Suddenly, as though a spotlight had come on inside him, he saw his son’s face, staring at the front door with painful intensity, not daring to believe.

He didn’t know where that light had come from, except that it had something to do with his talk with Bobby. It lit all the world from a new angle, showing what had always been there, but which he’d never noticed.

He turned the key.

‘Daddy!’

The ear-splitting shriek came from Mitzi. Corinne was standing by the kitchen door, watching his arrival with pleasure. Only Bobby did not react. He stood completely still, his face a mask of total and utter disbelief.

Alex wanted to cry out, But I promised you. You knew I was coming. Instead, he concentrated on hugging his daughter, who was almost strangling him with the exuberance of her embrace.

‘Hello, darling,’ he said.

‘Daddy, Daddy,’ she carolled.

‘Hey, don’t choke me,’ he said, laughing. ‘How’s my girl?’

She gave him a smacking kiss, which he returned. Then it was time to face his son.

Bobby was strangely pale. ‘Hello, Daddy,’ he said.

‘Hello, son.’

To his dismay, Bobby held out his hand politely, almost as though meeting a stranger. Or a ghost.

‘Hello, Daddy.’

Then he broke suddenly, as belief came rushing through, and flung himself against his father, burying his face against him.

Alex’s arms closed protectively about his son as he felt the storm of emotion go through the child. He didn’t know what to do except stay as he was, trying to understand but feeling helpless.
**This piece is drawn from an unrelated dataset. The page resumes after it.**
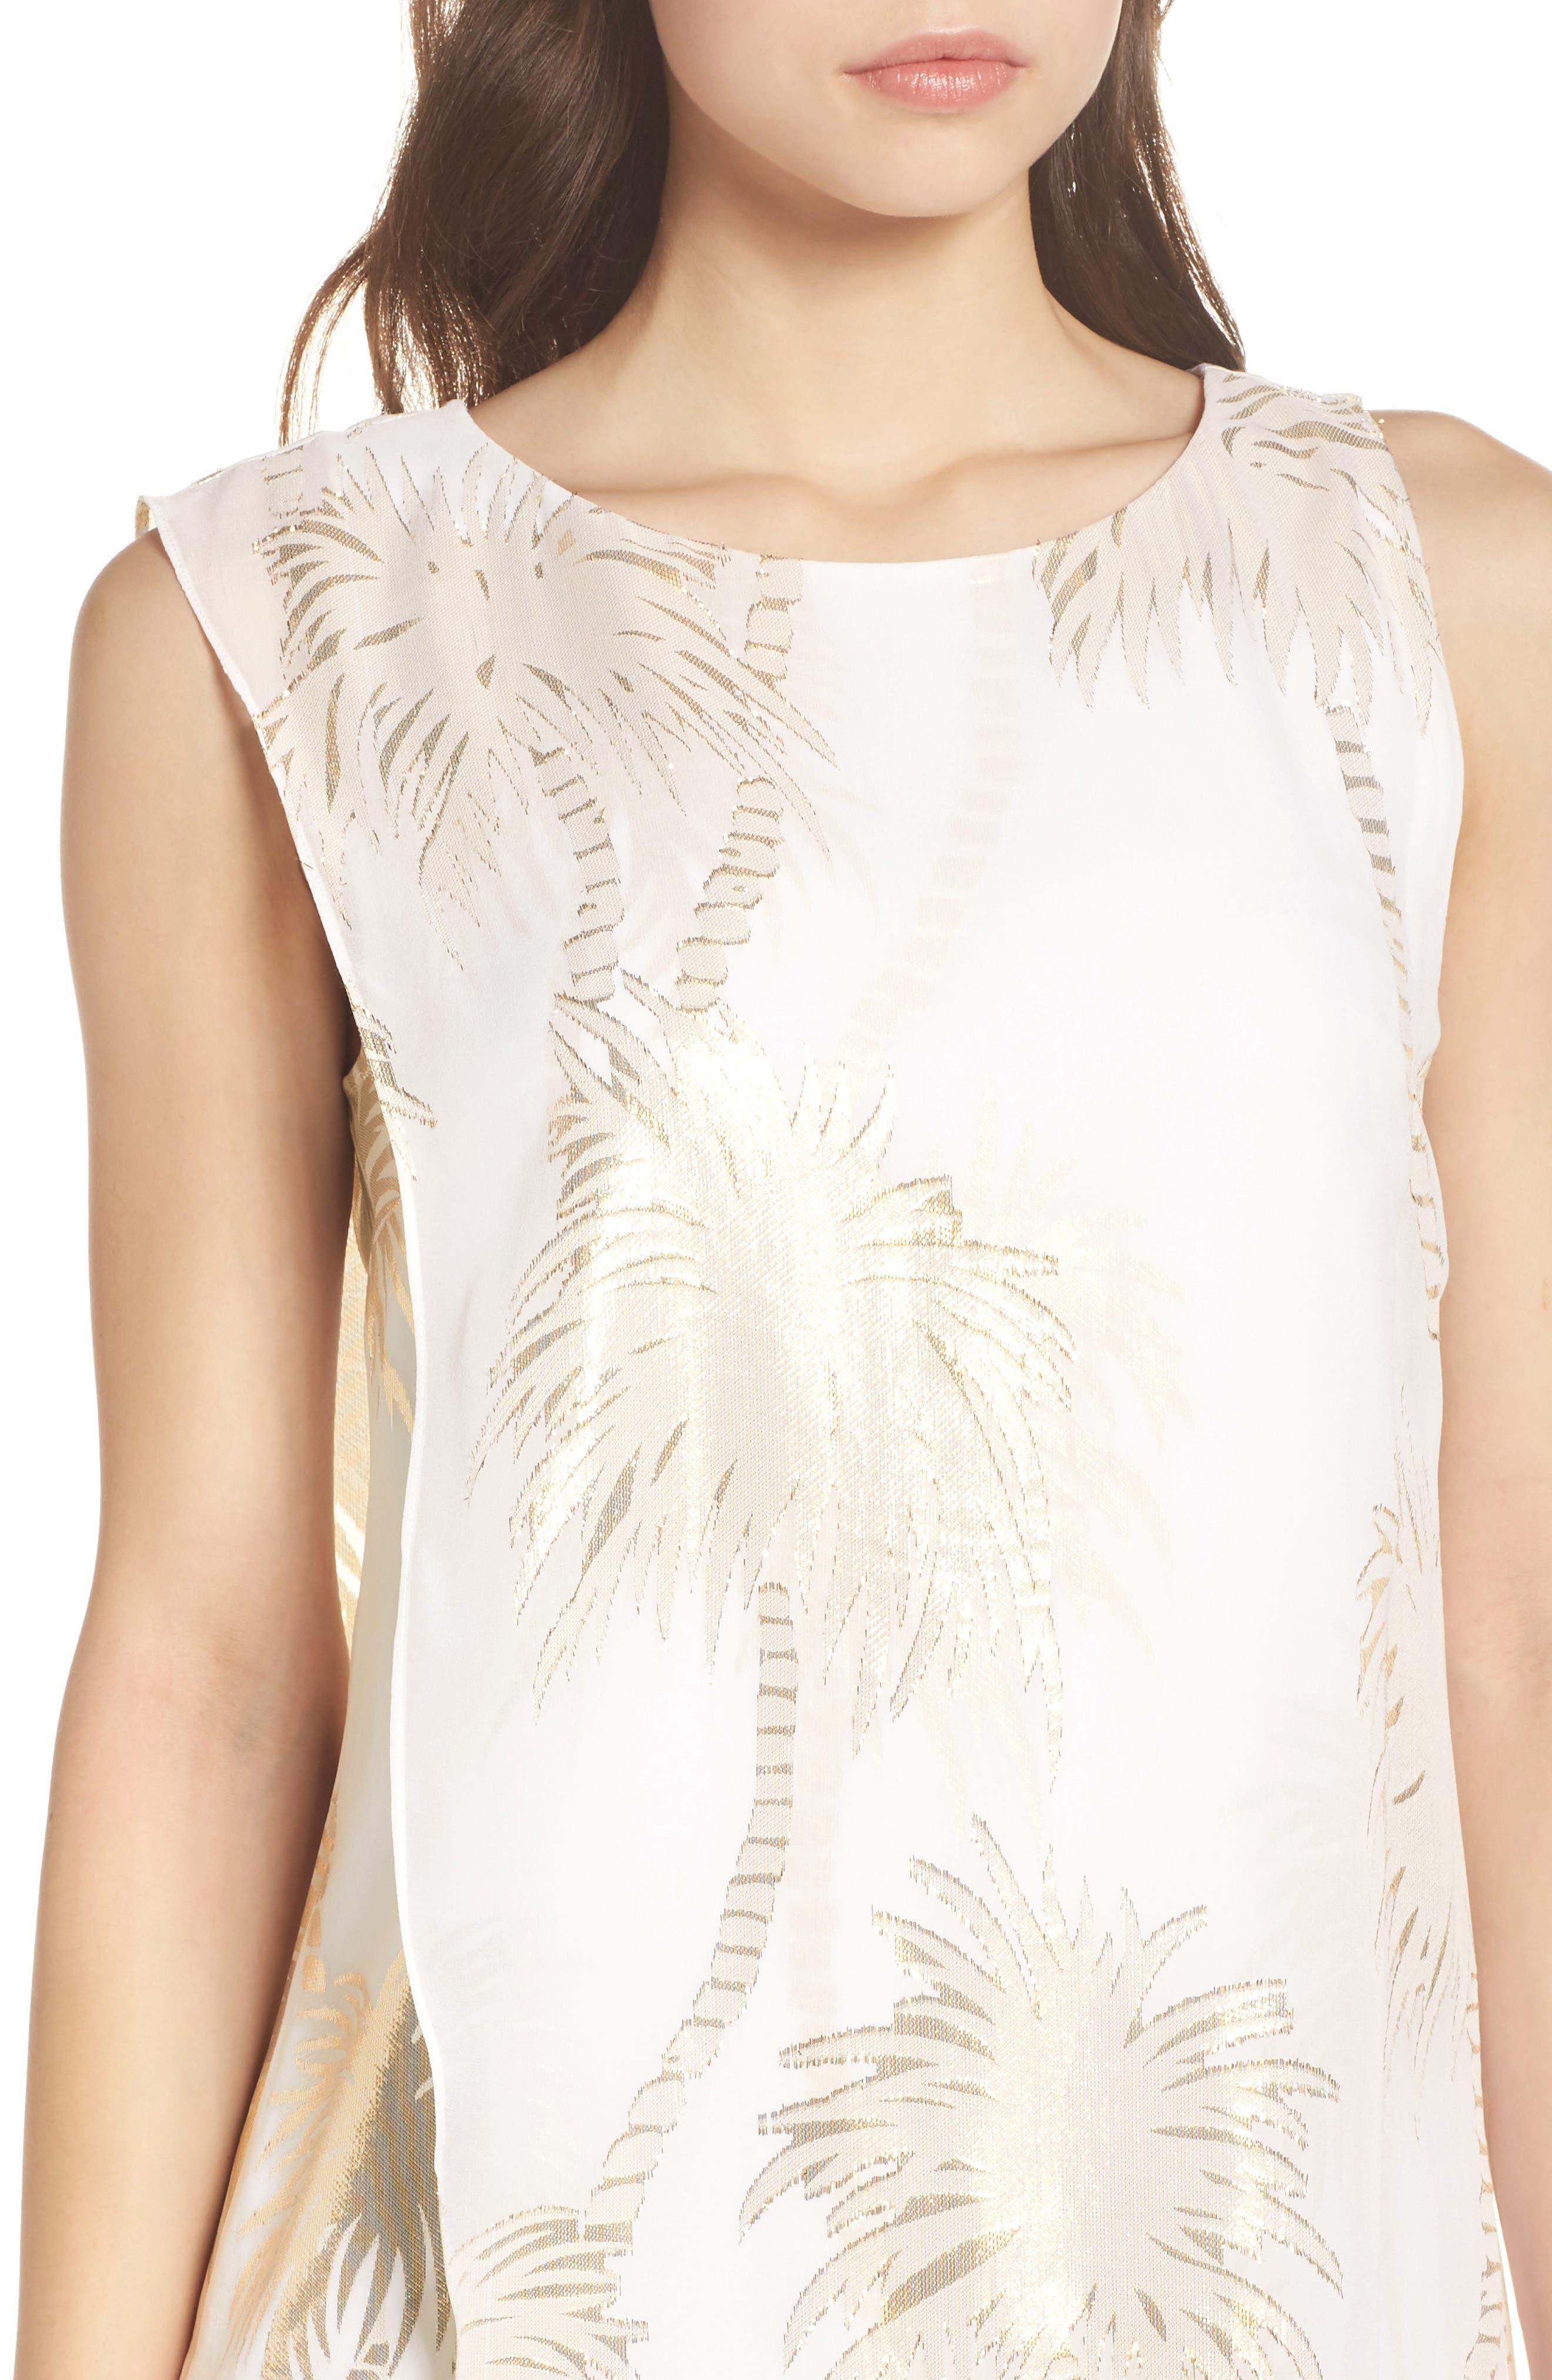 Calissa Silk Dress,                             Alternate thumbnail 4, color,                             Resort White Palm Tree Clip

Looking up, he found Corinne’s eyes on him. Her expression was gentle but he had the feeling that she was conveying a warning.

Bobby drew back to look at his father. His face bore the marks of tears, which he rubbed aside hastily. Alex brushed some of them away with his own fingertips.

‘It’s all right, son,’ he said quietly. ‘I’m home.’

Bobby sniffed. ‘Hello, Daddy.’

‘Hey, is that any way to greet your old man? Crying? Shall I go away again?’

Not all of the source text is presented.